When one machine becomes inaccessible from the cluster, what impact does cluster have?


I have FDB Cluster with total 6 machines with three_data_hall. In each region, there are 2 machines.
I am aware that FDB cluster can work even if one machine is not okay. indeed it does.

But I found that fdb cluster became unhealthy with following message after sudden reboot of a machine.

$ fdb --exec "status json"
      "database_status" : {
            "available" : false,
            "healthy" : false
        "messages" : [
                "description" : "Unable to locate the data distributor worker.",
                "name" : "unreachable_dataDistributor_worker"
                "description" : "Unable to read database configuration.",
                "name" : "unreadable_configuration"

Later I came to know that firewalld of the machine blocked all incoming packet. outgoing packet seems okay. So I stop the fdb processes on the machine, then fdb cluster status became okay.

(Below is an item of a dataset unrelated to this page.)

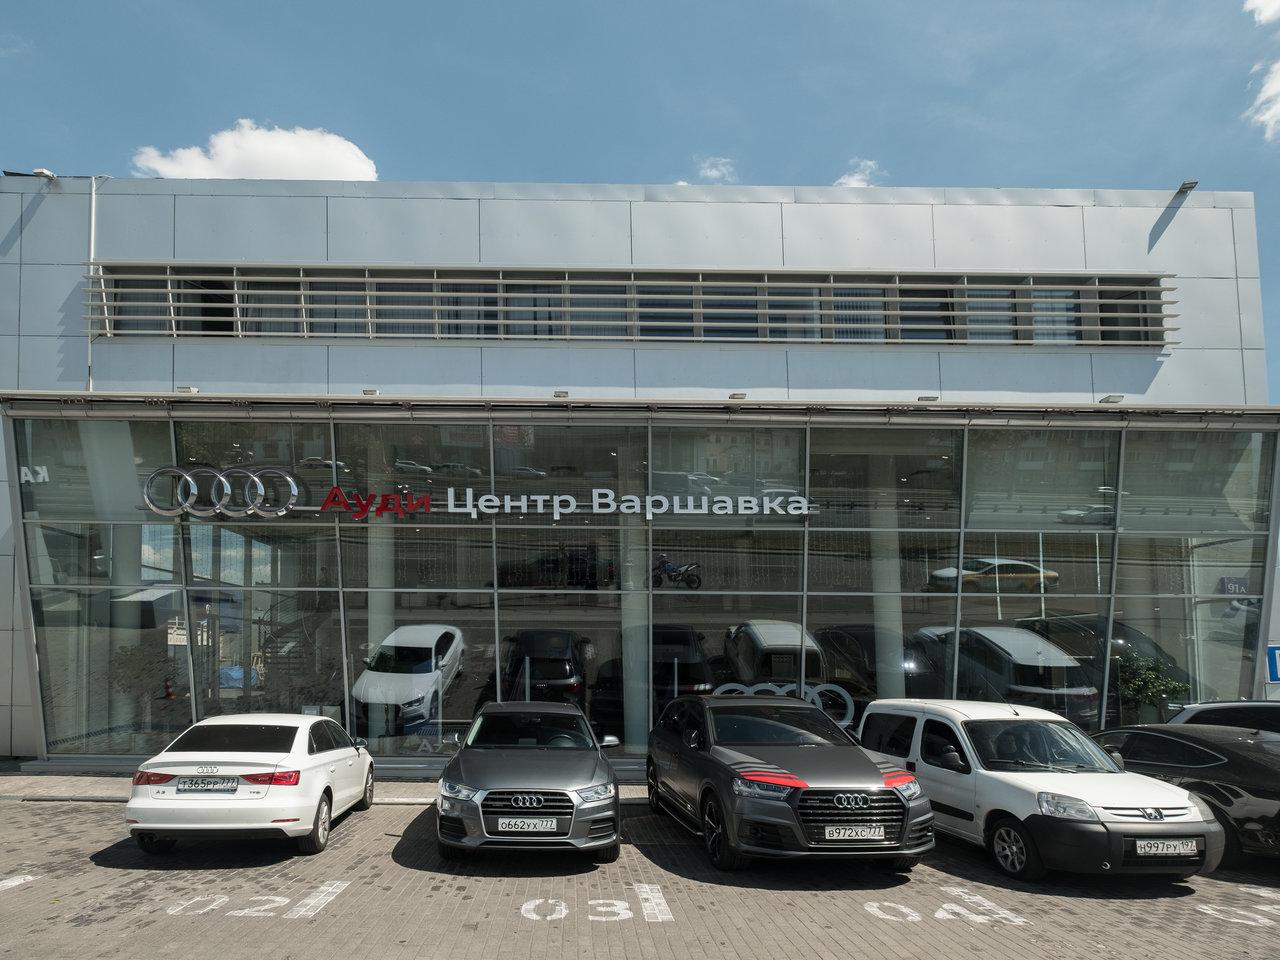 Автосалоны ауди в москве официальный дилер авто с пробегом могут ли судебные приставы арестовать машину в залоге банка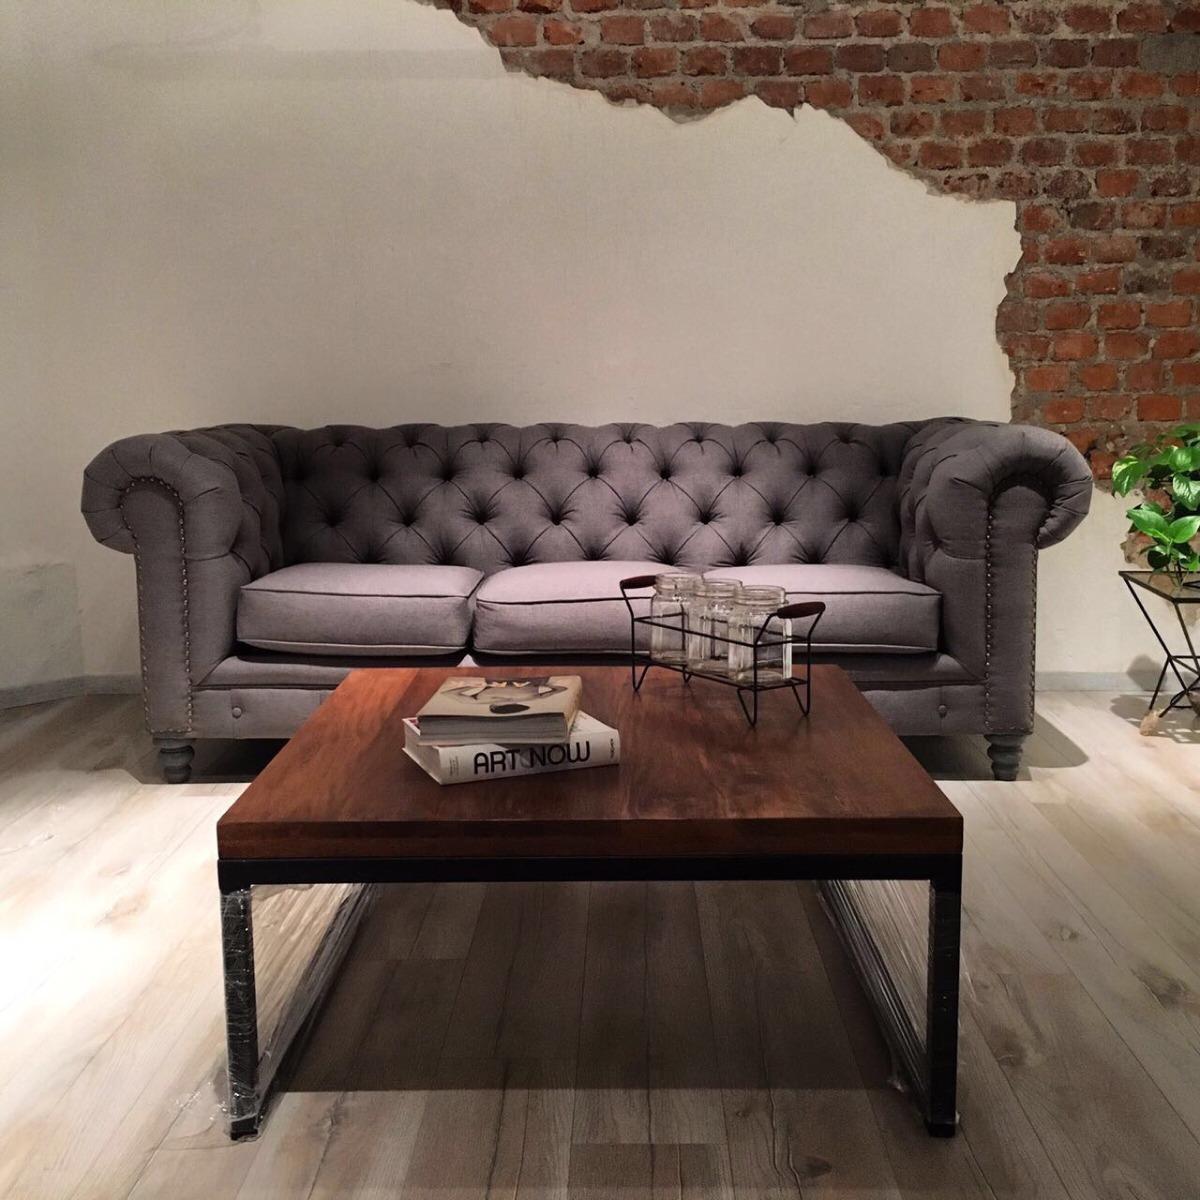 Atractivo Muebles De Madera Sofá Fotos - Muebles Para Ideas de ...

So it seems that shutting down machine/stopping the fdb process looks okay, but being only half connected(incoming packet blocked/outgoing packet passed) has an impact on the cluster health.

When I stop the fdb process on the host, only 5 machines are visible from the result of fdbcli --exec status json
But when incoming packet was blocked by firewalld, I could see 6 machines from the result of fdbcli --exec status json. Even some roles were assigned on the unreachable machine. and I found that “No route to host” error occurred from other 5 machines.

So I wonder

  • Is there anything else I can do, besides stopping the FDB on the unreachable host?
  • How does the fdb cluster determine a machine is alive then assign a role? why, even “no route to host” error occurs, does the cluster not detach the inaccessible machine?

Thank you.